The complaint was not upheld.

The article reported that a patient at a mental health residential facility - who had absconded for eight days after a supervised shopping trip, but had subsequently been recovered - had been described in confidential police and medical documents as "dangerous" and an "intelligent, devious, uncontrollable, absconding sexual predator" with a "long history of sexual violence". At the time of the escape, an earlier article had prominently reported that the police did not have any information to suggest he was a danger to the public. The complainant is the mental healthcare charity that runs the residential facility.

The complainant said that the newspapers had obtained the information through the unauthorised removal of documents relating to the patient. There had been no possible risk to the public at the time the article was published (given that the patient had been returned to the facility) and, as such, the publication of the information could not be justified in the public interest. The article had also inaccurately referred to the content of one of the documents, attributing to a named source the view that the patient was not suitable for residential care (when in fact he had ascribed that view to "some partners") and suggesting that the reference to the patient's suitability for residential care would apply to the facility in question, which was not the case.

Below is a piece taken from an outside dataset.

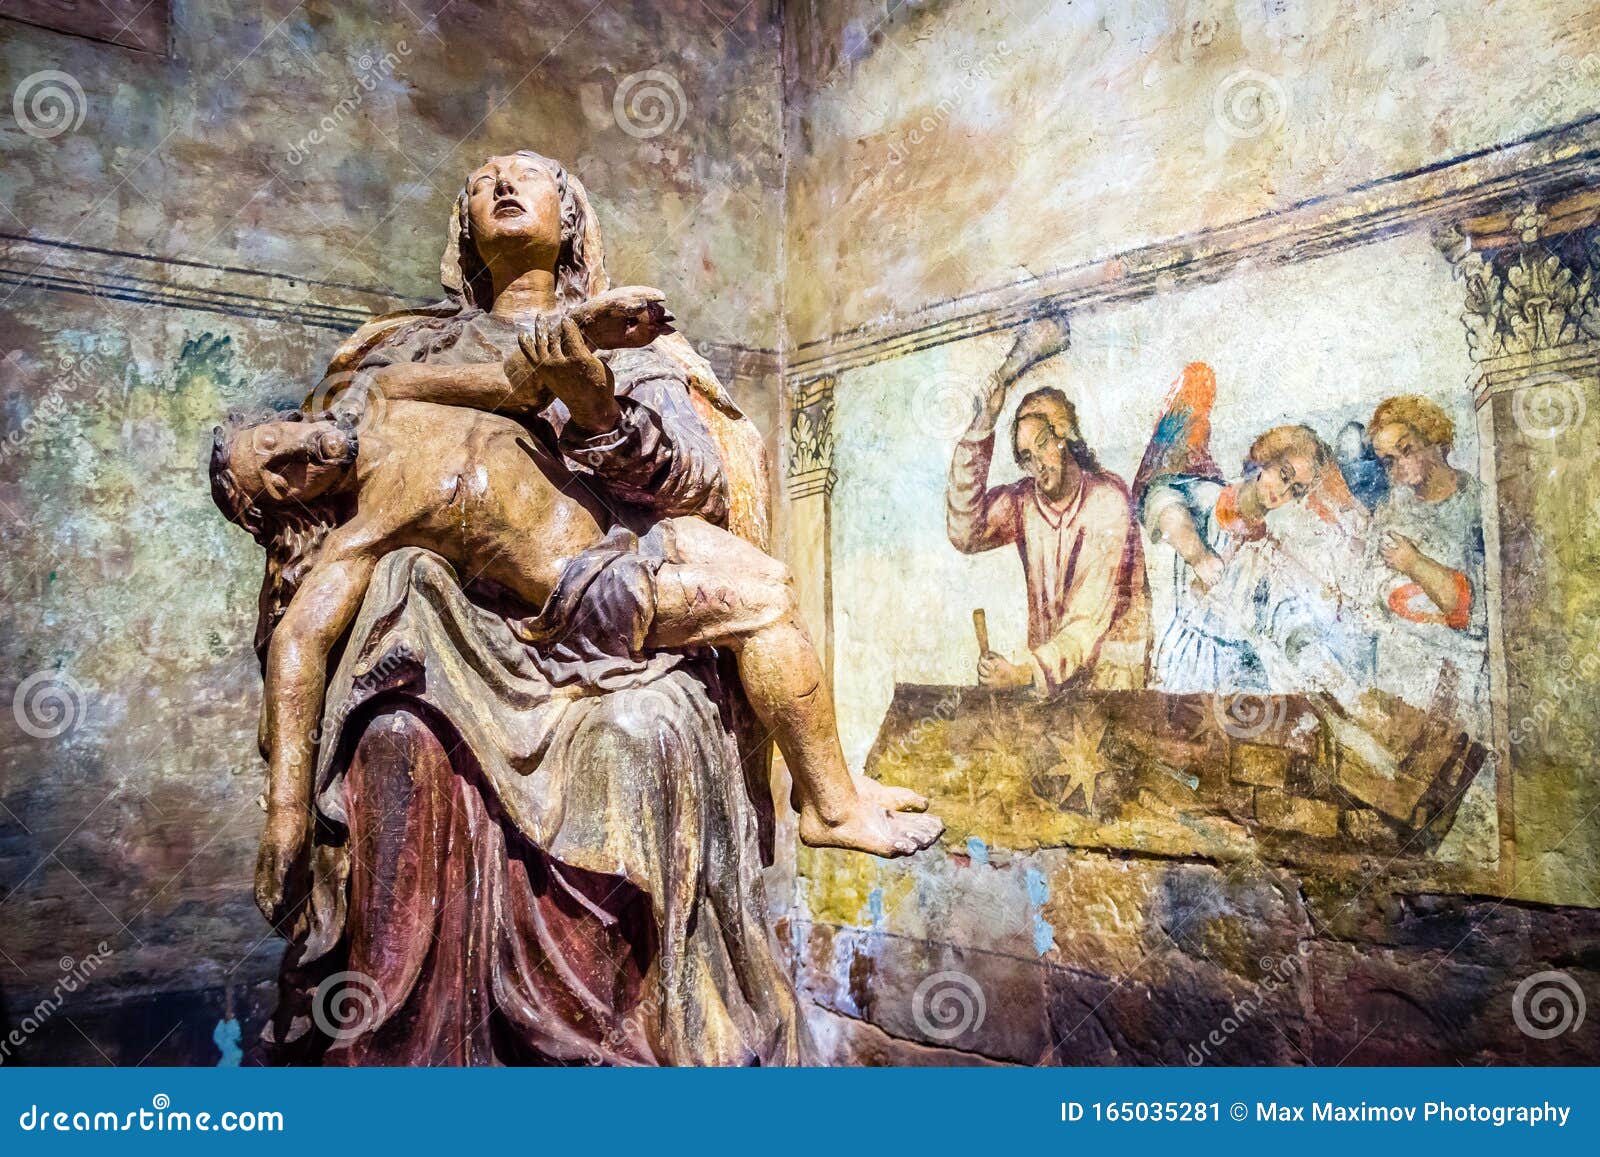 santa rosa, misiones, paraguay - original frescos and wooden statue in the jesuit church in santa rosa

The newspapers said that they had not physically removed any documents from the hospital; rather, they had received the information from an anonymous informant following the publication of the original story. There was no suggestion that subterfuge had been used to obtain it. Given that they had unknowingly misled their own readers when publishing an assurance that the patient had posed no danger to the public, they had a duty to inform their readers of the position accordingly, which could only be done with reference to the contents of the documents. Furthermore, the article raised an issue of clear public interest. The public was entitled to know the views of doctors and the police as to the potential danger posed by the patient, regardless of whether he had returned to the hospital. The fact that the patient had gone missing was a serious concern locally, and three MPs had commented critically about what had happened.

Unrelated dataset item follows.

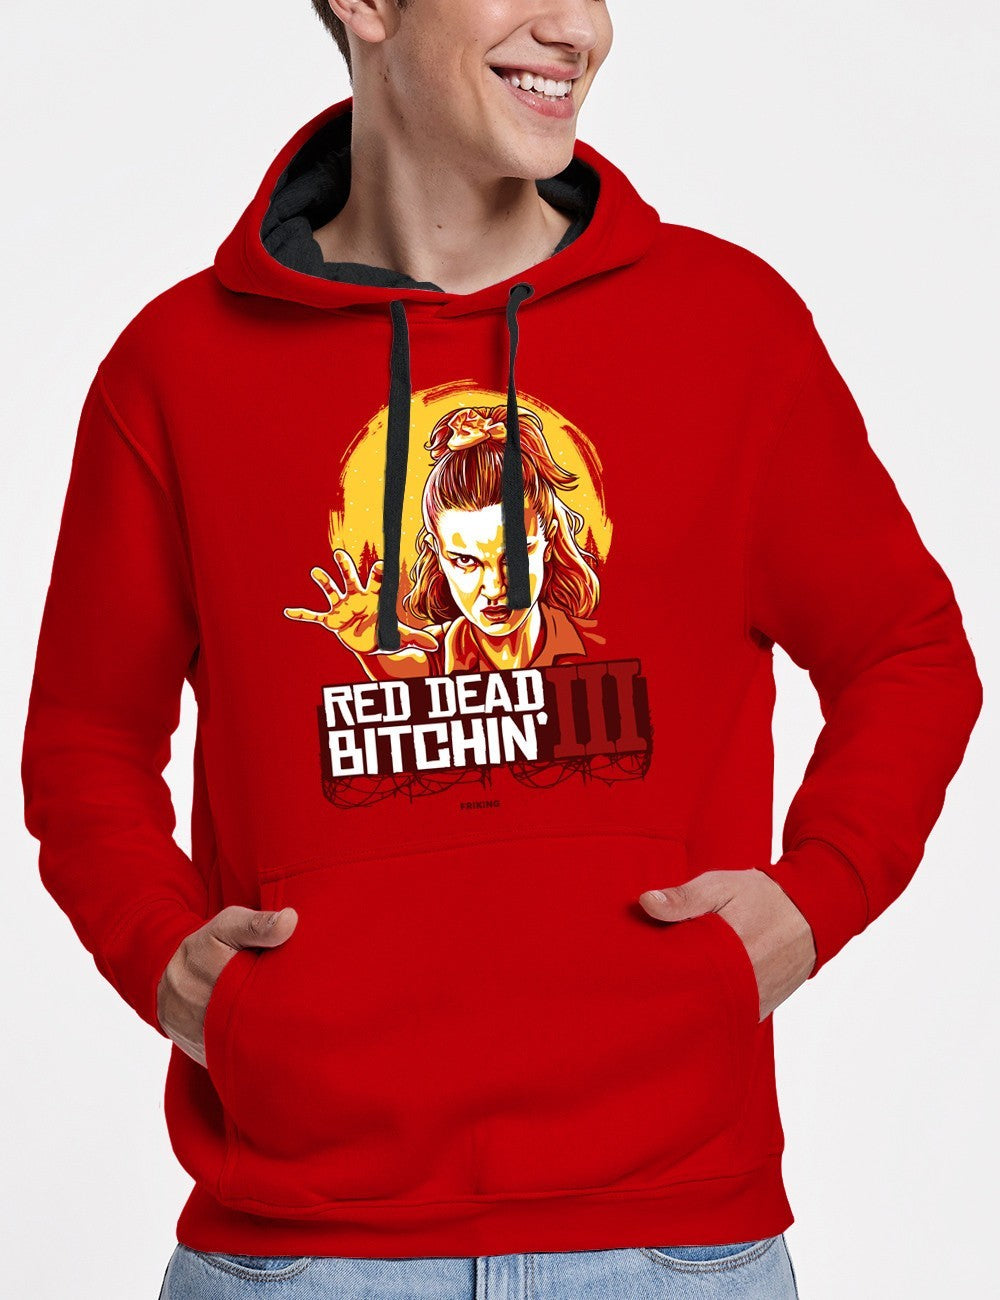  Red Dead Bitchin' 3

The newspapers said that the claims of inaccuracy were slight. There was nothing to substantiate the interpretation that it had not referred accurately to the type of facility in question, which, on its own website, said that it was an ordinary residential facility with an "enhanced low secure setting". The newspapers were willing to publish a letter from the complainant.

Decision:
Not Upheld

Adjudication:

There is a distinction to be made between a newspaper seeking to obtain confidential information using subterfuge and it being provided with material in an unsolicited manner. On this occasion, the newspaper had not actively sought the information in relation to the patient, which had been leaked anonymously. However, the material had been provided without authorisation and the newspaper had made use of it in the article. In such an instance, the newspaper had to demonstrate a sufficient public interest justification for publishing the information.

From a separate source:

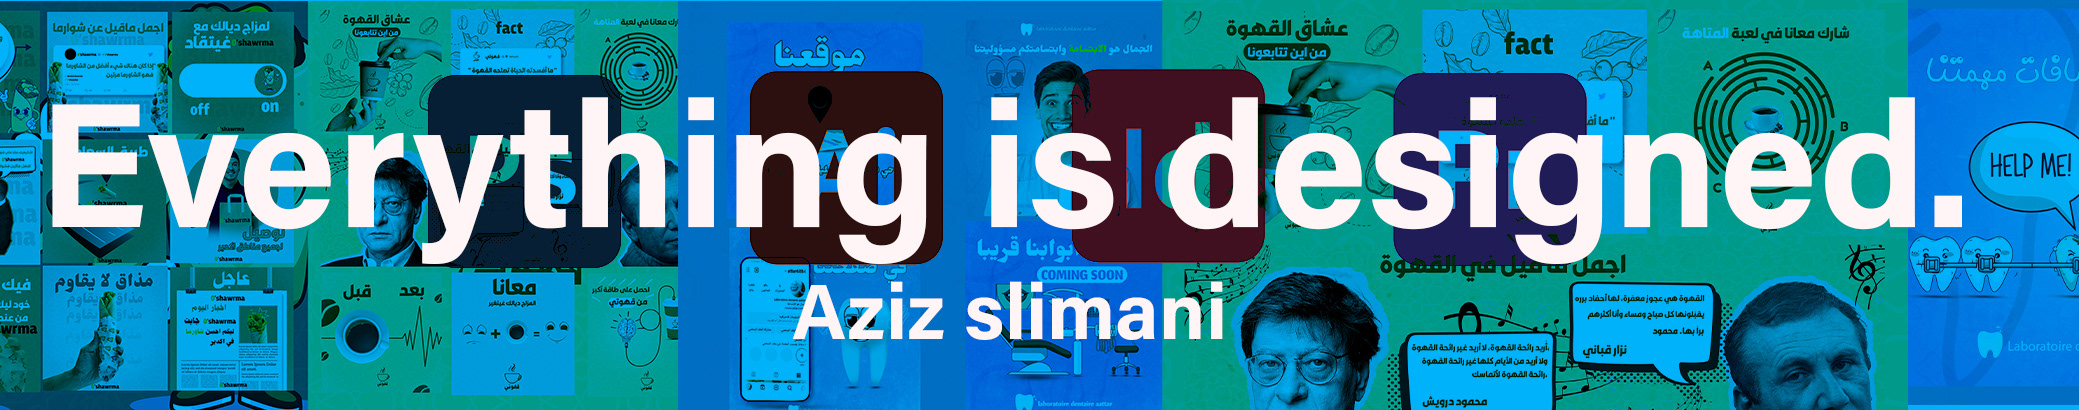 Aziz slimani's profile banner

The Commission was strongly of the view that the publication of the information was justified in the public interest. The unsupervised presence in the community of an individual who had been described in the terms outlined in the documents, and had been compulsorily admitted into care, was a legitimate subject to be reported. It did not cease to be relevant simply because the patient had been readmitted, not least owing to the fact that the patient had absconded on numerous occasions and that his absence raised serious concerns about policy and practice in the facility. Three local MPs had specifically voiced these concerns in the published article. There was no breach of Clause 10.

The complaints under Clause 1 were relatively minor matters, which would not have misled readers in any significant way, or in such a manner which would raise a breach of the Code. The Commission welcomed the offer of a letter for publication, which adequately addressed the concerns raised by the complainant.